EXERCISE INPUTS START

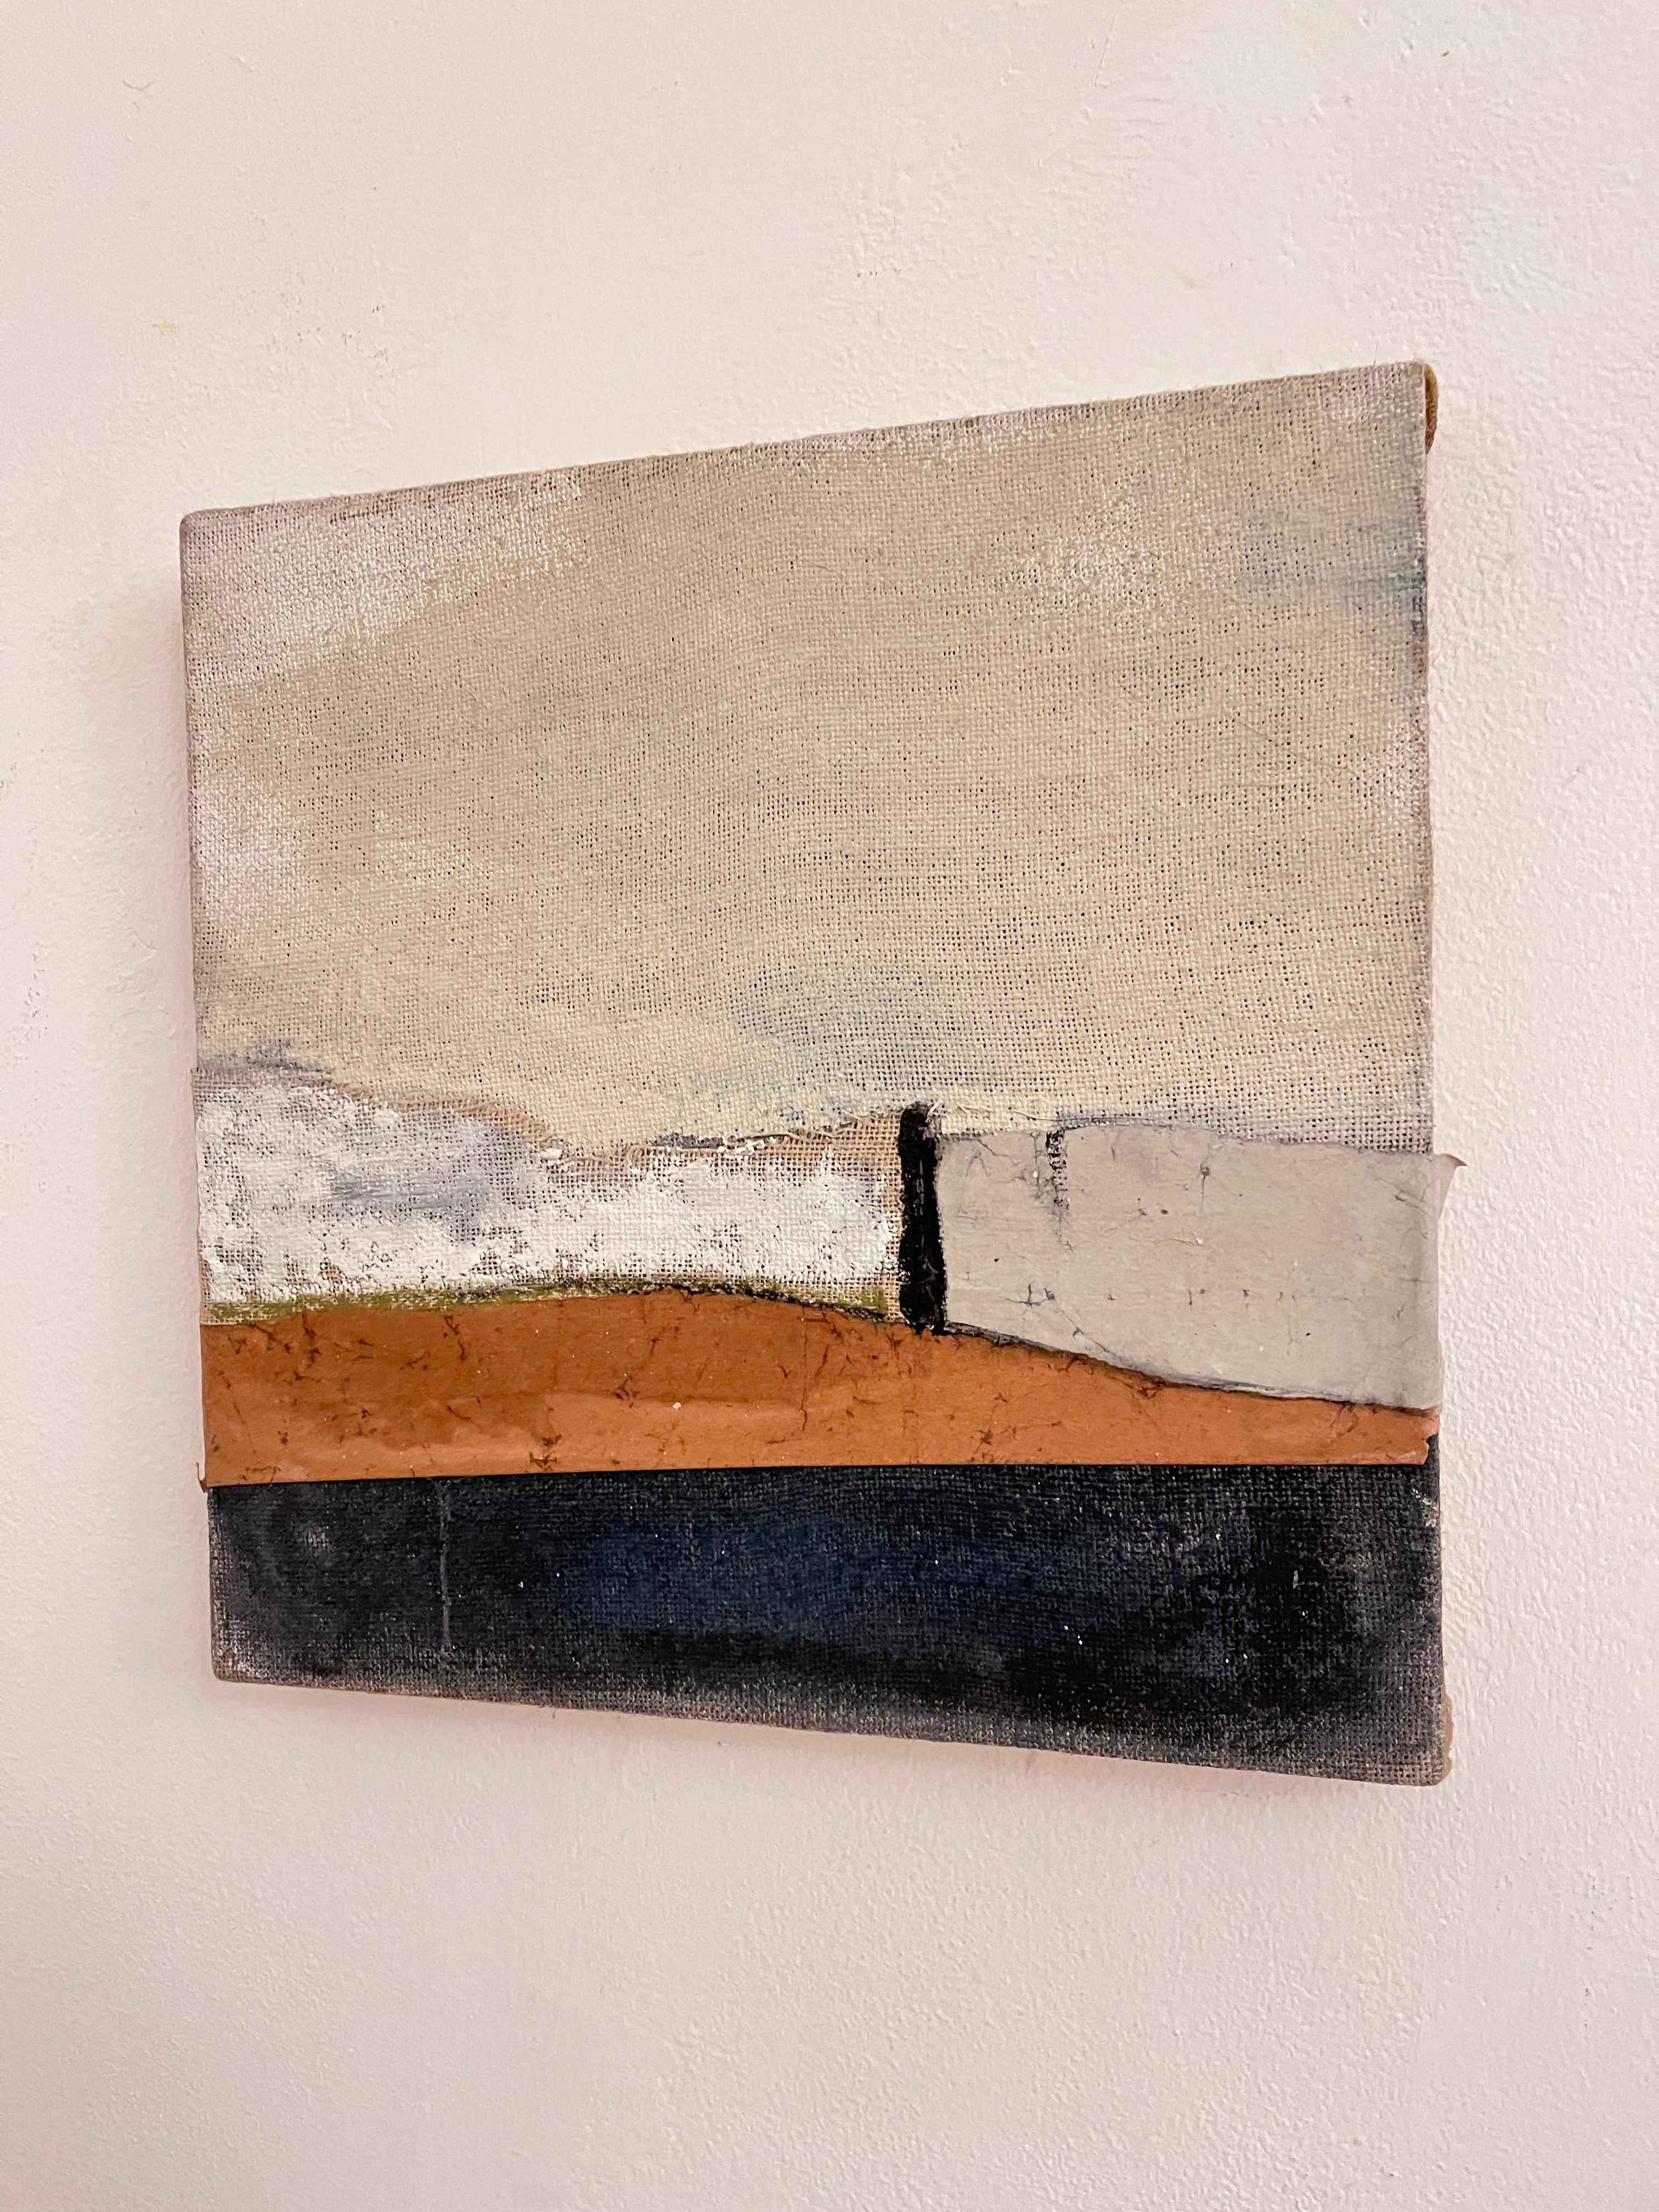 PaperLandscape
mixed media  and collage on juta canvas
50x50
2017

the painting is part of the Paper Landscape series
I like to call them fragile landscapes
the title PaperLandscape, but also wants to focus on the theme of landscape protection and
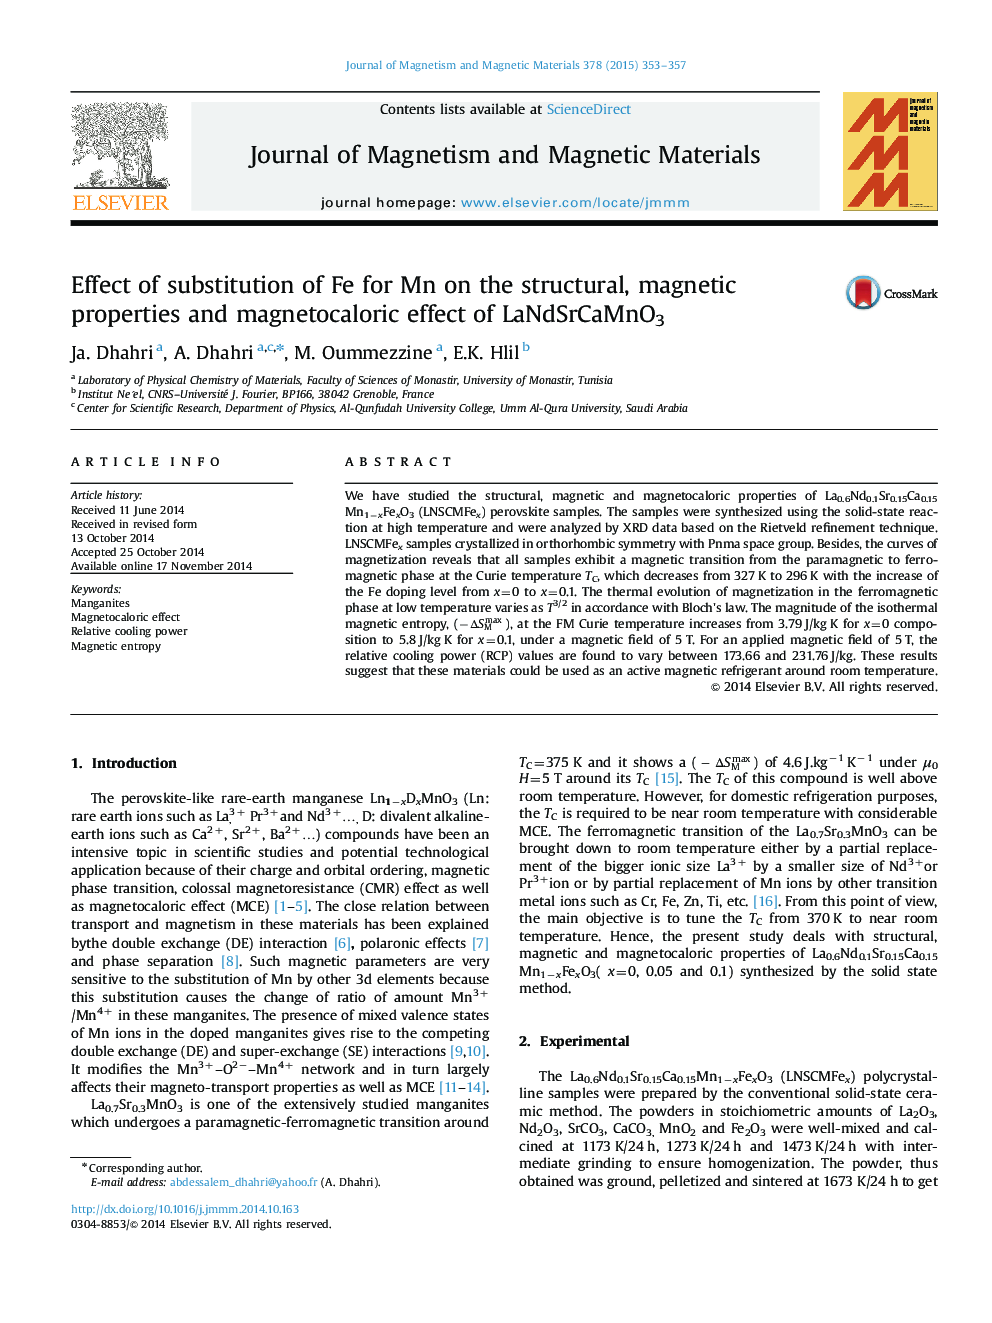 Effect of substitution of Fe for Mn on the structural, magnetic properties and magnetocaloric effect of LaNdSrCaMnO3
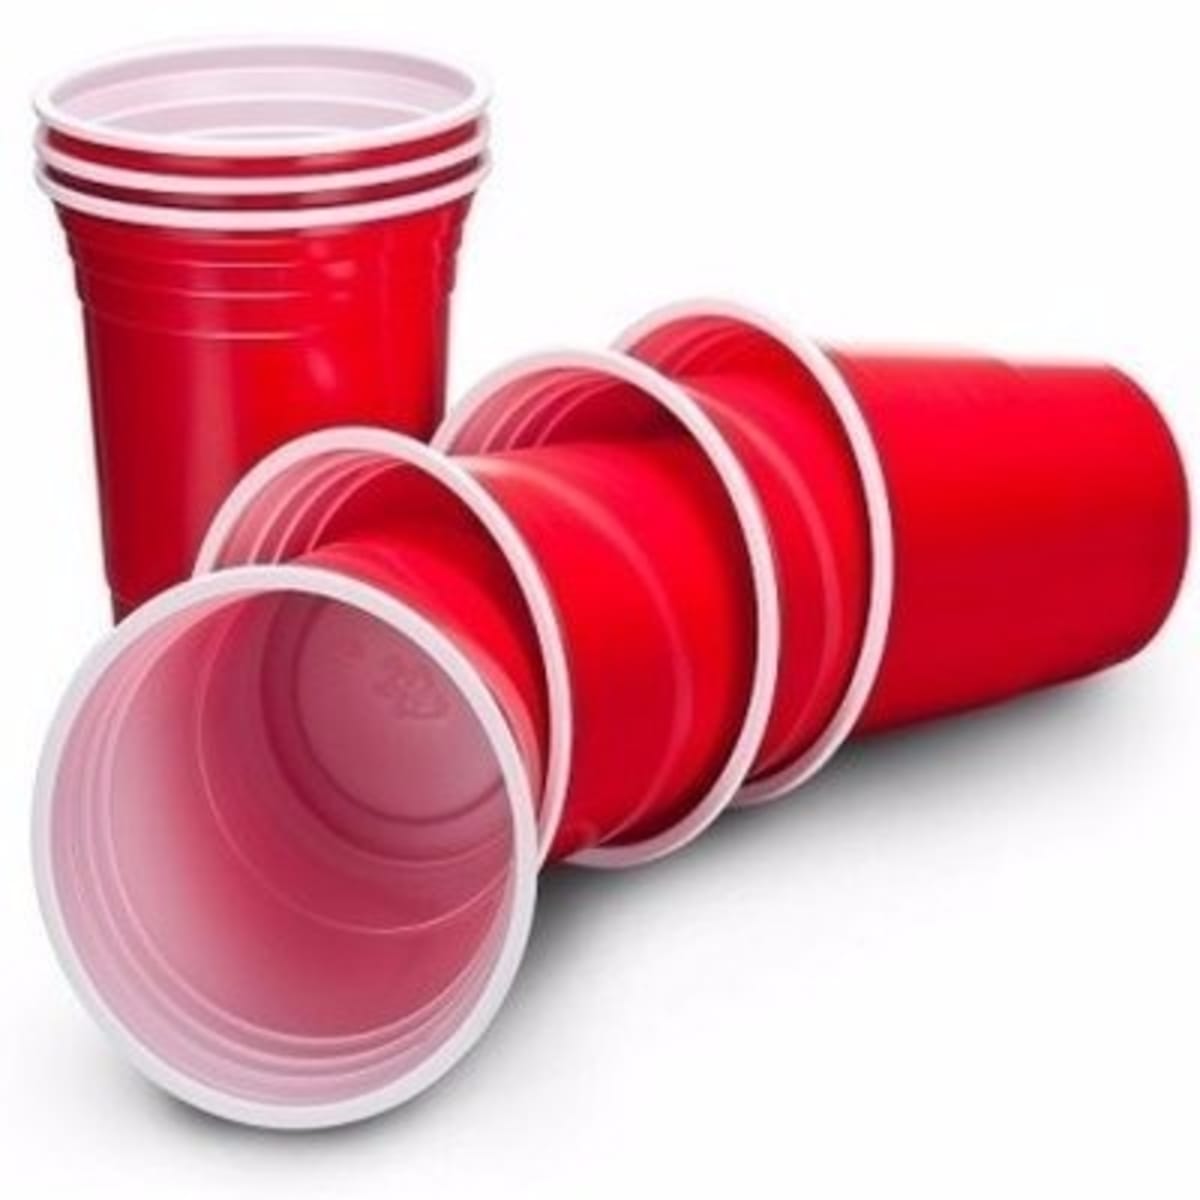 https://www-konga-com-res.cloudinary.com/w_400,f_auto,fl_lossy,dpr_3.0,q_auto/media/catalog/product/D/i/Disposable-Cups---Red-and-White---Pack-Of-25-7139784_1.jpg
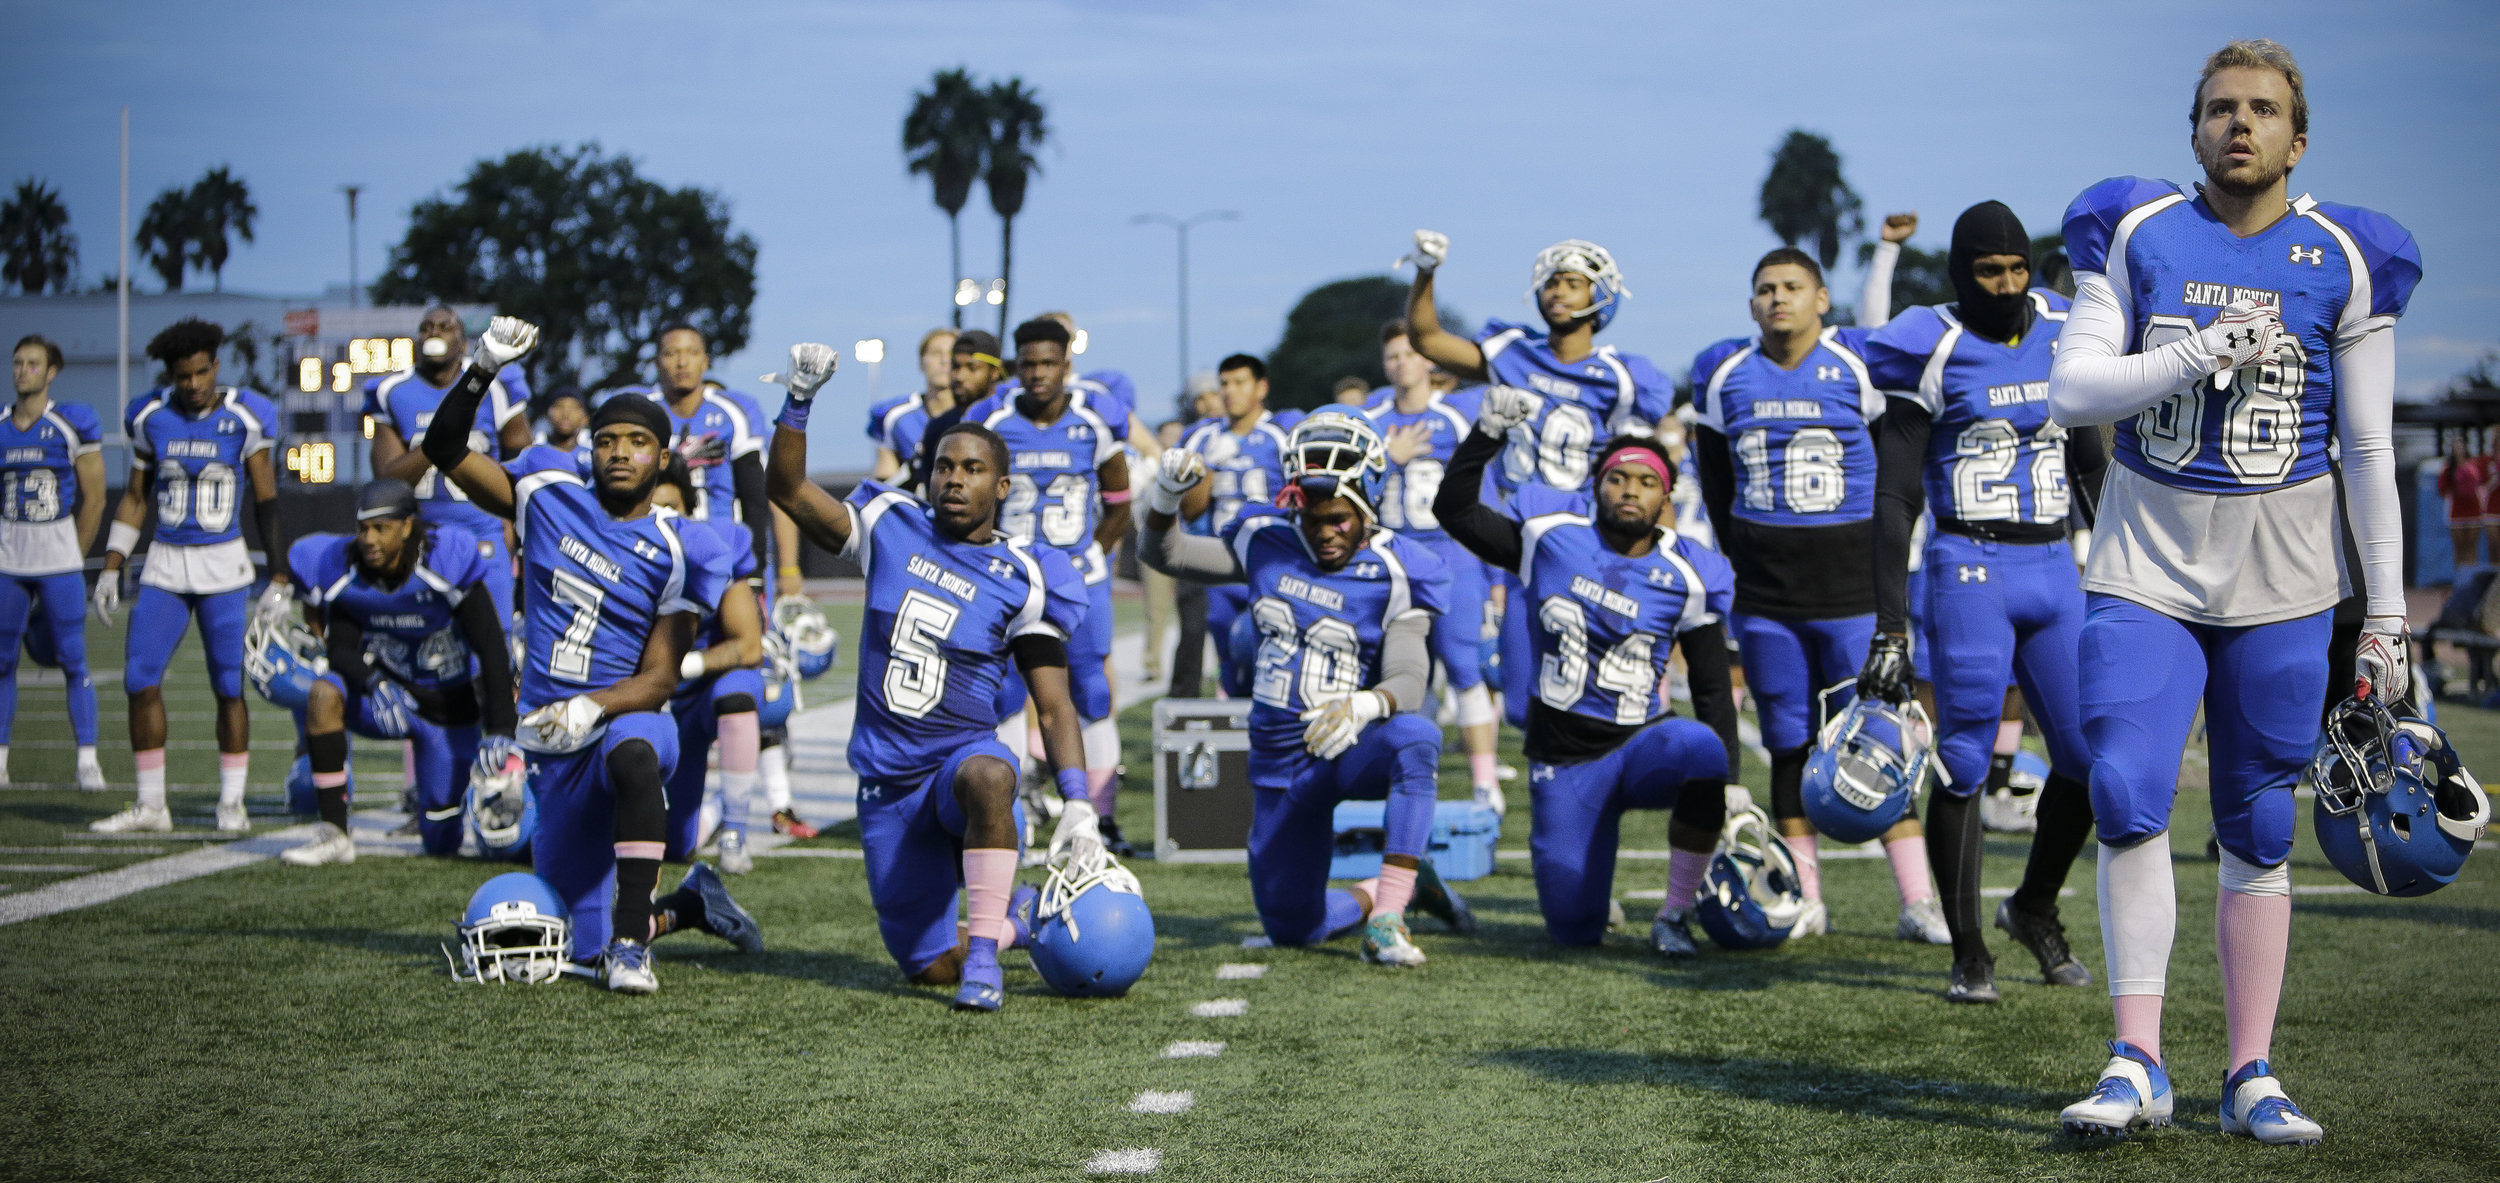  Teamates on The Santa Monica College Corsair mens football team continue to kneel in recognition for #BlackLivesMatter during the National Anthem before the teams Homecoming game. The Corsairs football team would loose at home 26-14 in Santa Monica

EXERCISE INPUTS END

Look above for the line containing "on juta canvas", then retype it and each line after it to the end of the records, exactly and without pictures.

mixed media  and collage on juta canvas
50x50
2017

the painting is part of the Paper Landscape series
I like to call them fragile landscapes
the title PaperLandscape, but also wants to focus on the theme of landscape protection and
 Effect of substitution of Fe for Mn on the structural, magnetic properties and magnetocaloric effect of LaNdSrCaMnO3
 https://www-konga-com-res.cloudinary.com/w_400,f_auto,fl_lossy,dpr_3.0,q_auto/media/catalog/product/D/i/Disposable-Cups---Red-and-White---Pack-Of-25-7139784_1.jpg
  Teamates on The Santa Monica College Corsair mens football team continue to kneel in recognition for #BlackLivesMatter during the National Anthem before the teams Homecoming game. The Corsairs football team would loose at home 26-14 in Santa Monica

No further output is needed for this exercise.